▶ About this exercise
No images, please. Copy each entry below exactly as it reads.

(Collected data entries)

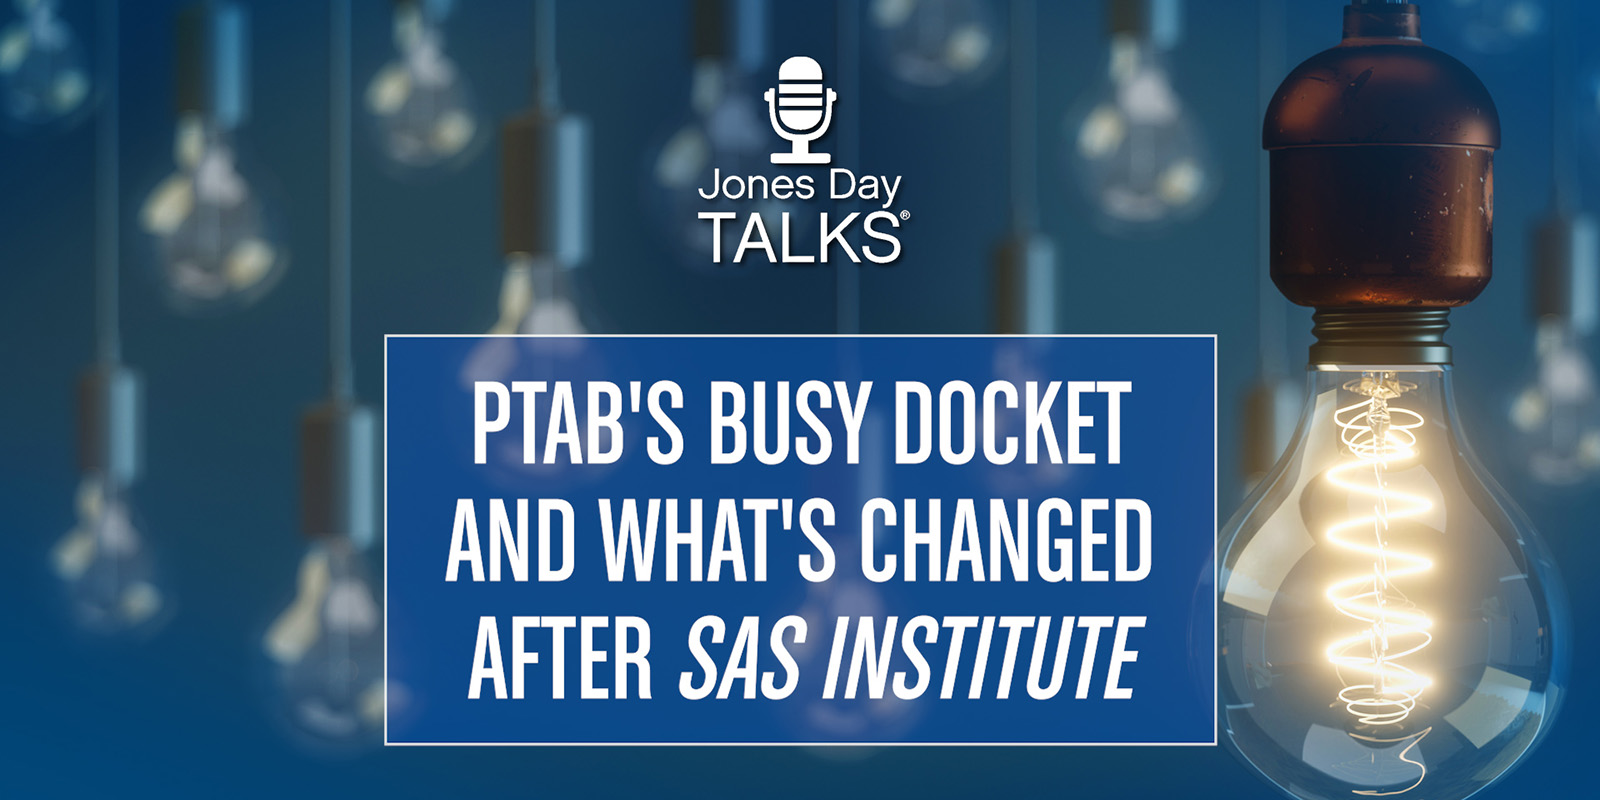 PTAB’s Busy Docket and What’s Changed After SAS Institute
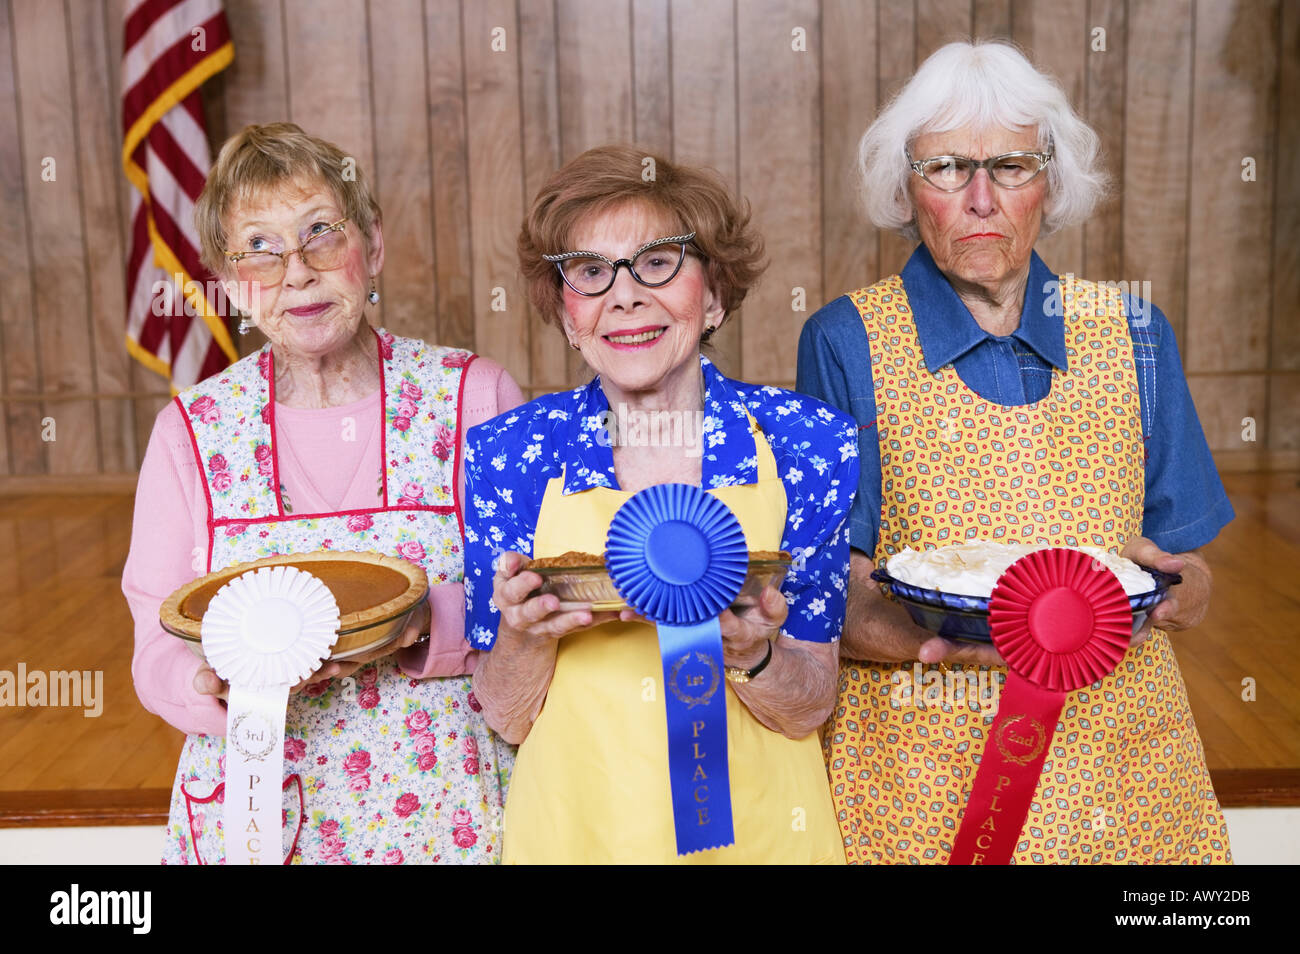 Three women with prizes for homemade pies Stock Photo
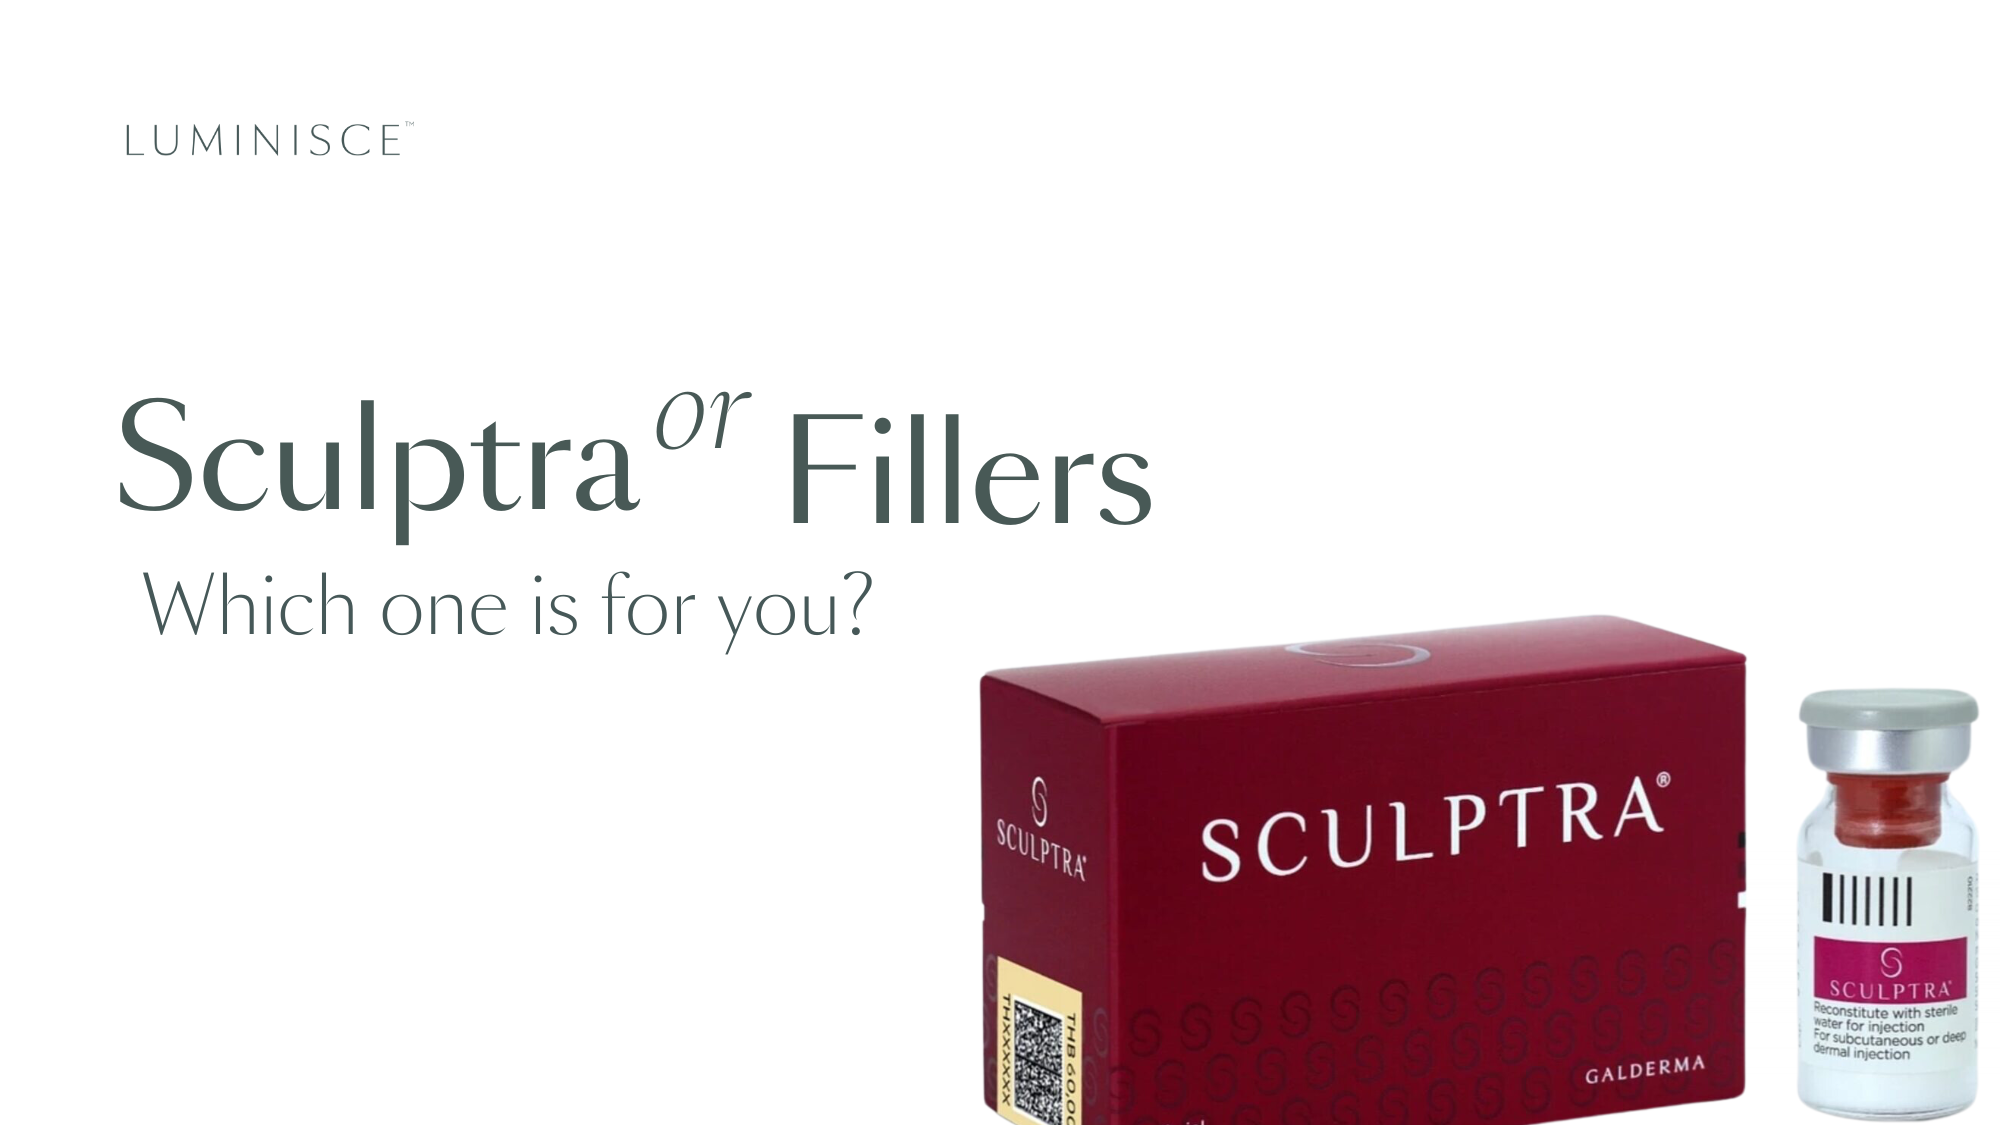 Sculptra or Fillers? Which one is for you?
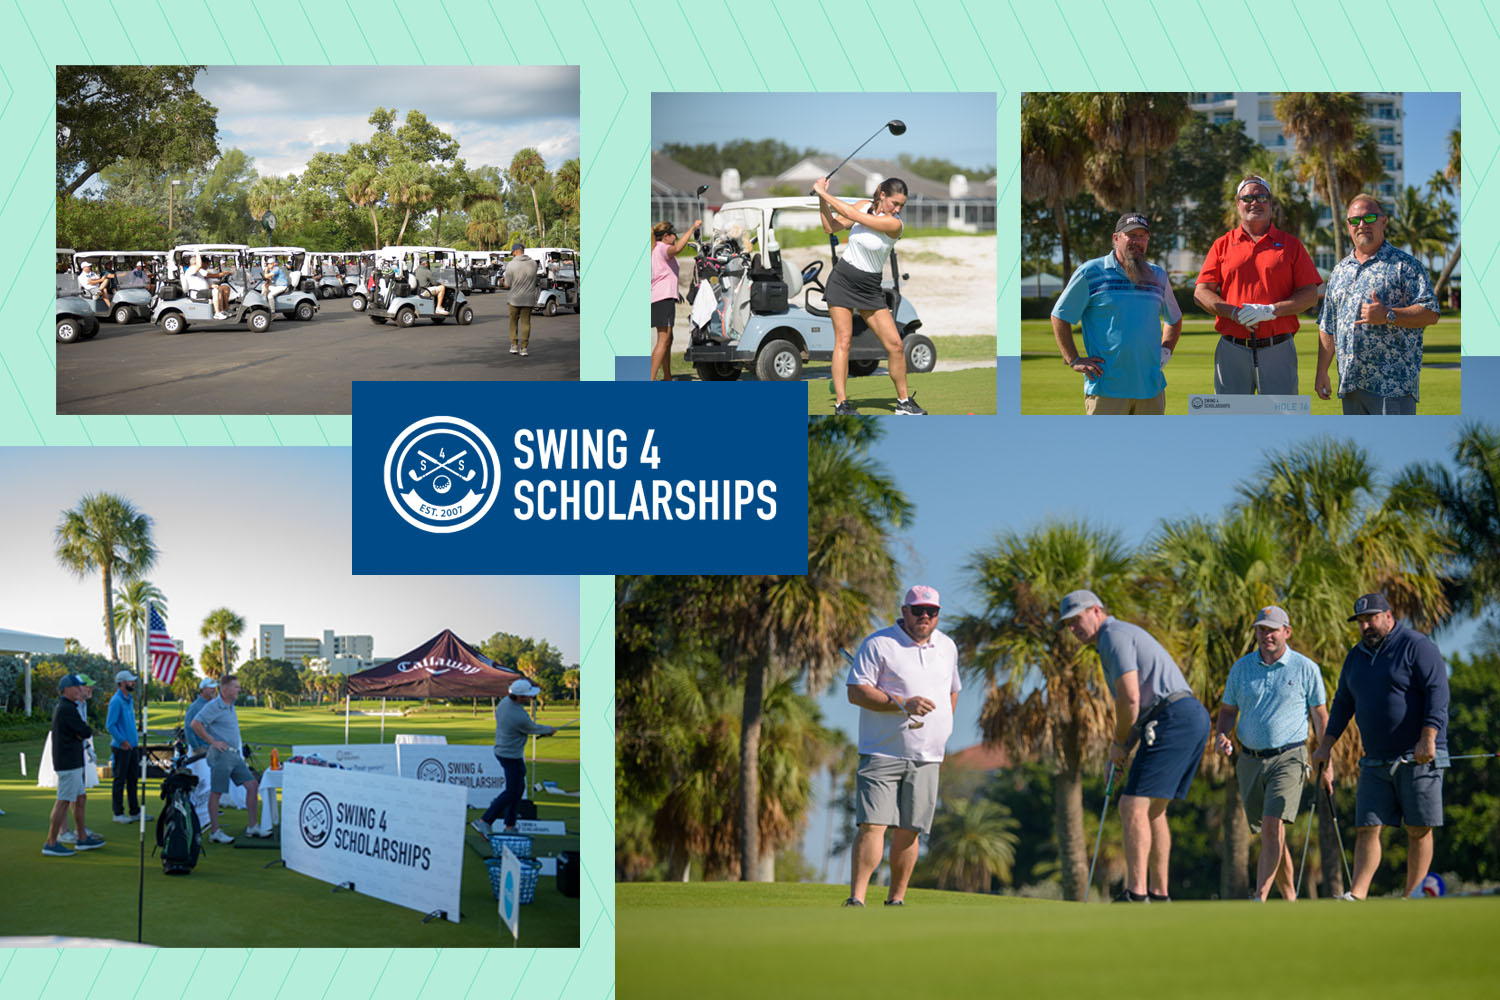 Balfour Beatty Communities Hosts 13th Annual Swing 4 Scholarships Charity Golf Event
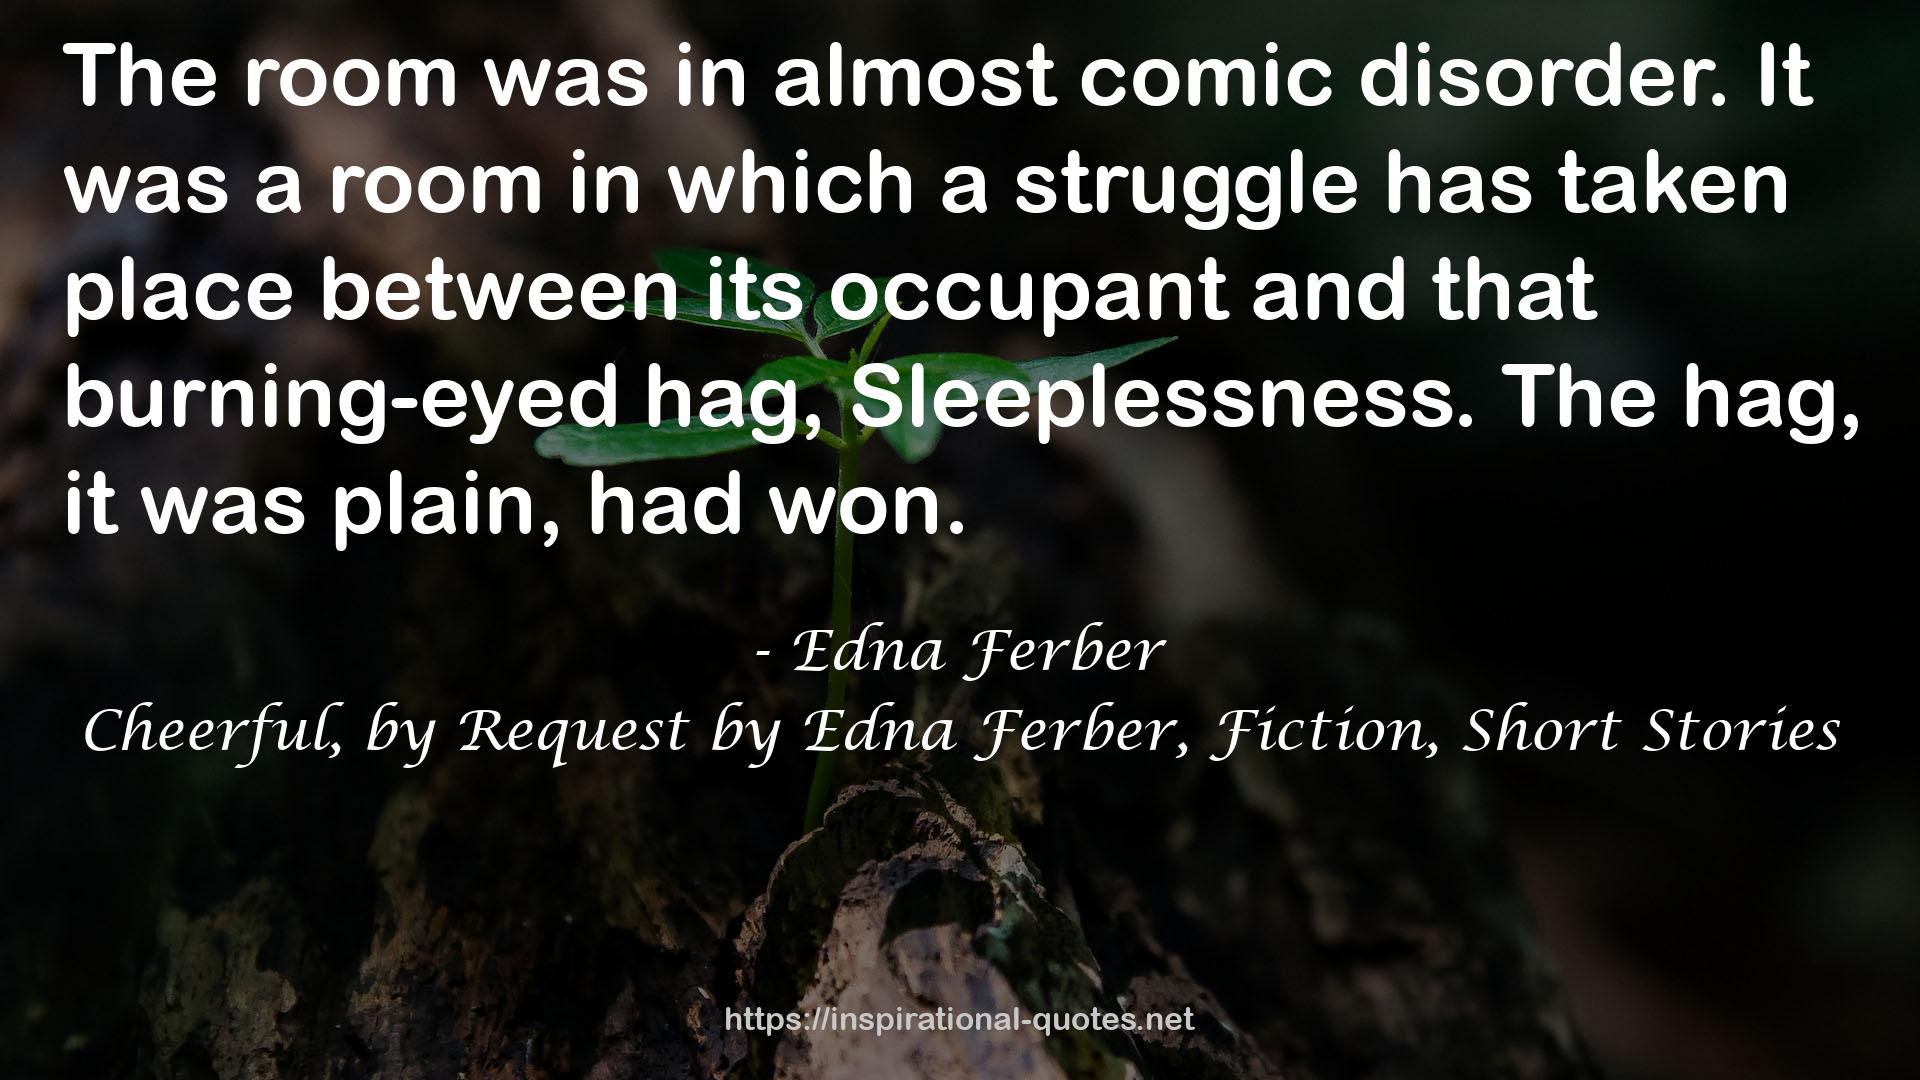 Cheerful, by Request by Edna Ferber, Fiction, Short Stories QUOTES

▶ Response box
 PTAB’s Busy Docket and What’s Changed After SAS Institute
 Three women with prizes for homemade pies Stock Photo
 Sculptra or Fillers? Which one is for you?
 Balfour Beatty Communities Hosts 13th Annual Swing 4 Scholarships Charity Golf Event
 Cheerful, by Request by Edna Ferber, Fiction, Short Stories QUOTES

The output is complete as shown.